Note: gopkg.in/yaml.v3 still appears as // indirect in go.mod because golangci-lint (a build-time developer tool) transitively requires it. It is not in the production binary's call graph.

Verification

Check Result
go build ./cmd/permify ok
go vet ./... ok
go test ./pkg/development/... ok
govulncheck ./cmd/permify (source mode) No vulnerabilities found
govulncheck -mode=binary against the resulting binary No vulnerabilities found

Before this change, govulncheck reported 13 SSH-subpackage vulnerabilities present in the binary (none reachable from main per source-mode analysis, but still flagged by container scanners).

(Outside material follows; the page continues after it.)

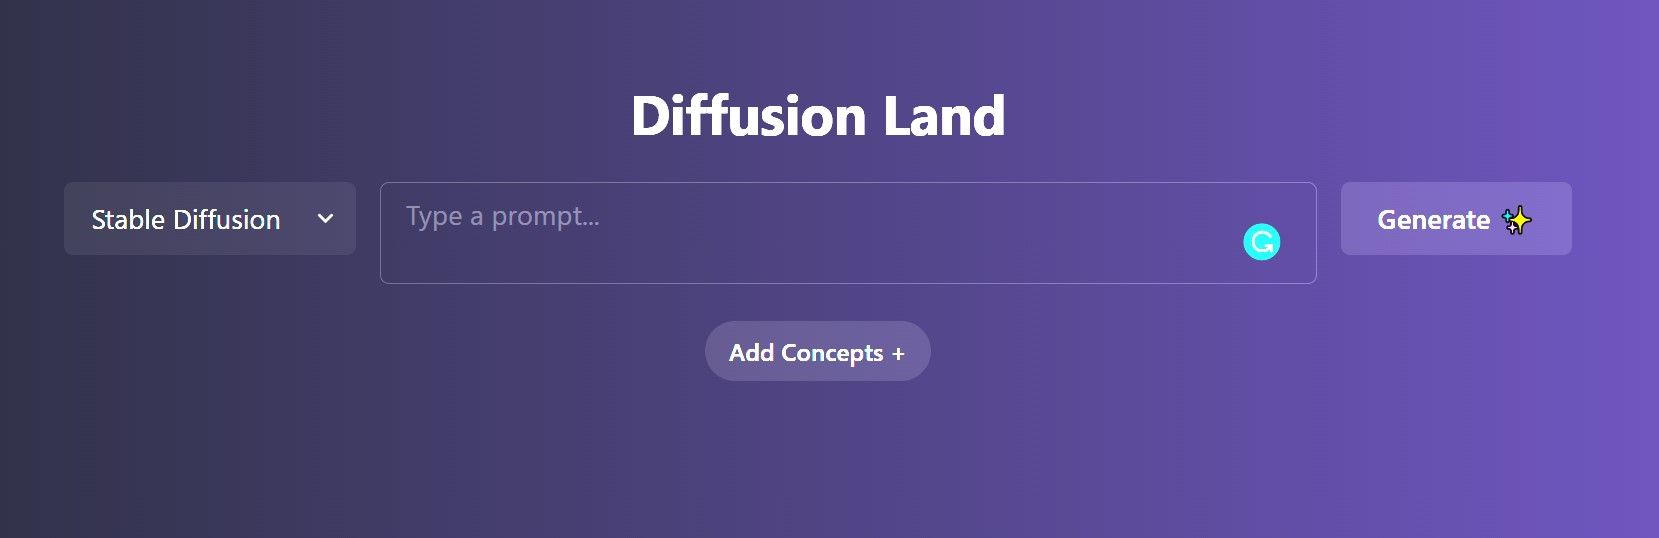 Diffusion Land

After this change, both modes return clean.

Compatibility

  • go.yaml.in/yaml/v3 v3.0.x has the same public API as gopkg.in/yaml.v3 v3.0.x β€” the migration is a straight import-path rename, no code adjustments needed.
  • golang.org/x/crypto v0.53.0 is API-compatible with v0.51.0.

Summary by CodeRabbit

  • Chores
    • Updated Go module dependencies including security, cryptography, and system-level libraries to their latest versions.
    • Migrated YAML library implementation for improved compatibility and long-term maintenance.

… fork

Resolves SSH-subpackage CVEs in golang.org/x/crypto and removes the runtime
dependency on the archived gopkg.in/yaml.v3 module.

Changes:
- golang.org/x/crypto v0.51.0 -> v0.53.0 (indirect, fixes GO-2026-5005,
  5006, 5013, 5014, 5015, 5016, 5017, 5018, 5019, 5020, 5021, 5023, 5033)
- gopkg.in/yaml.v3 v3.0.1 -> go.yaml.in/yaml/v3 v3.0.4: migrate the two
  runtime imports in pkg/development/file/decoder.go and
  pkg/development/development.go to the maintained successor module.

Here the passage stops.